Leetcode-0/1 knapsack problem
Ref:link
416. Partition Equal Subset Sum (Medium)
If you see a problem asks you to find two equal sums in the array, this means you need to find the half of all elements’ sum in the array. For this problem, we need to partition equal subset sum. At first, we calculate the sum of all elements. If we can find the half of sum in the input array, we can partition it into equal subset sum. Therefore, the problem is find the sum of elements which is equal to the target value. Obviously, this is 0/1 knapsack problem.
Here we use 1D array to represent dp array instead of 2D array. dp[i] means if the sum of some elements in the input array is i. For the second for loop, we iterate from the end of the array, because this can guarantee the value will not be larger. If we start from the start of the array, values will be larger than the correct answer.
If the sum of the whole array is m. Time complexity is O(mn). Space complexity is O(m). Here is the link.
public boolean canPartition(int[] nums) {
int ans =0;
for(int num:nums)ans+=num;
if(ans%2!=0)return false;
int target = ans/2;
int[]dp = new int[target+1];
for(int i =1;i<nums.length+1;i++){
for(int j =target;j>=1;j--){
if(nums[i-1]<=j){
dp[j]=Math.max(dp[j],dp[j-nums[i-1]]+nums[i-1]);
}
}
}
return dp[target]==target;
}
494. Target Sum (Medium)
I think this problem should be difficult but not medium. When I saw this problem, my first thought is recursion and backtracking. But the below solution is very nice and it’s difficult for me to get this solution.
Assume we have nums={a,b,c,d} and a+b-c-d=S. Assume a+b+c+d=total. We can get below relationships.
a+b-c-d=S
a+b=S+c+d
a+b+c+d=S+2*(c+d)
c+d=(total-S)/2
We can also get a+b=(total+S)/2. Both ways are correct. Now, we change the original problem to another problem which we are familiar with. Find the target sum in the input array. This time is a little different. We don’t want the sum but the number of ways to get the sum. dp[i] means the number of ways to get the sum i for all elements in nums. At first, let’s treat dp as 2D array. For nums[i]<=target, we can add it or not add it to the sum. If we add it, there are dp[i-1][j-nums[i]] ways to get the sum. If we don’t add it, there are dp[i-1][j] to get the sum. Therefore, dp[i][j] = dp[i-1][j]+dp[i-1][j-nums[i]]. And we transform it to 1D dp array. It will be dp[j] = dp[j]+dp[j-nums[i]].
If the value of target is m. Time complexity is O(mn). Space complexity is O(m). Here is the link.

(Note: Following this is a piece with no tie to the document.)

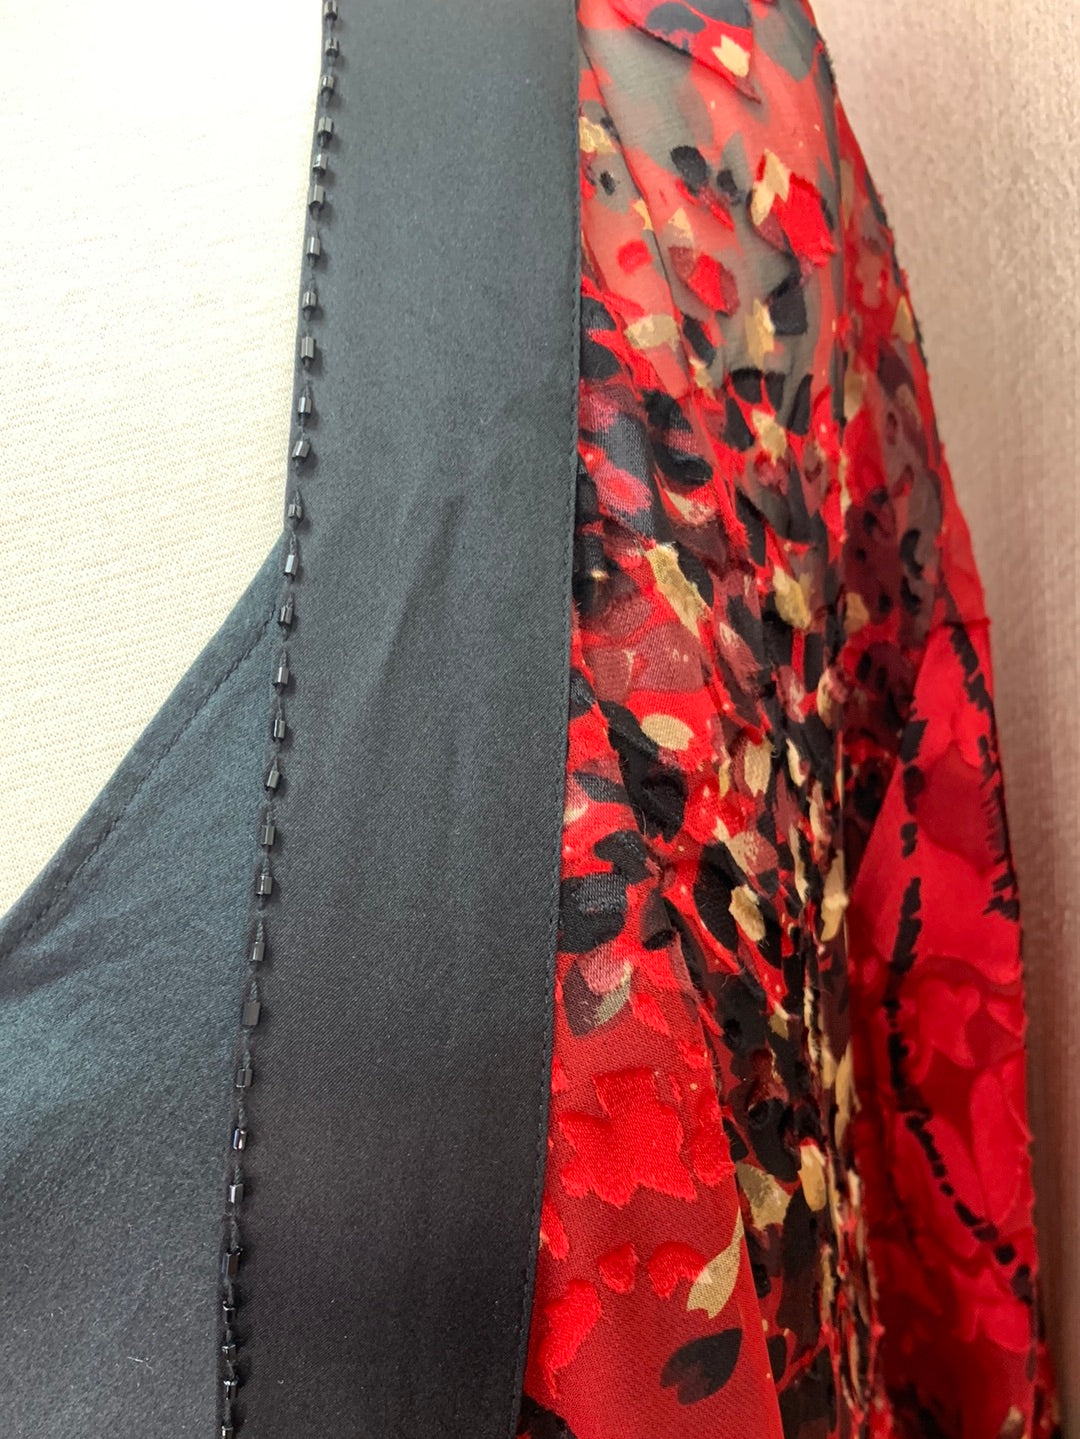 SIMPLY SILK red black Open Front Beaded Cardigan Kimono Jacket - M

public int findTargetSumWays(int[] nums, int S) {
int total = 0;
for(int num:nums)total+=num;
if((total+S)%2!=0||total<S)return 0;
int target = (total+S)/2;
int[]dp = new int[target+1];
dp[0]=1;
int ans = 0;
for(int i =0;i<nums.length;i++){
for(int j = target;j>=nums[i];j--){
dp[j] = dp[j]+dp[j-nums[i]];
}
}
return dp[target];
}
474. Ones and Zeroes (Medium)
public int findMaxForm(String[] strs, int m, int n) {
int[][]dp = new int[m+1][n+1];
for(String str:strs){
int zero = 0;
int one = 0;
for (char c : str.toCharArray()){
if(c == '0')
++zero;
else
++one;
}
for(int i = m;i>=0;i--){
for(int j =n;j>=0;j--){
if(i>=zero && j>=one)
dp[i][j] = Math.max(dp[i][j],dp[i-zero][j-one]+1);
}
}
}
return dp[m][n];
}
322. Coin Change (Medium)
This is a 01-backpack problem. coins are items we have. amount is the value we need to achieve. The difference is we can use coins without limitation.
But we need to achieve the exact value of amount.
First of all, we need to initialize all values except dp[0] to amount+1. dp[0]=0, because according to this problem’s description, if amount is 0, we need to return 0.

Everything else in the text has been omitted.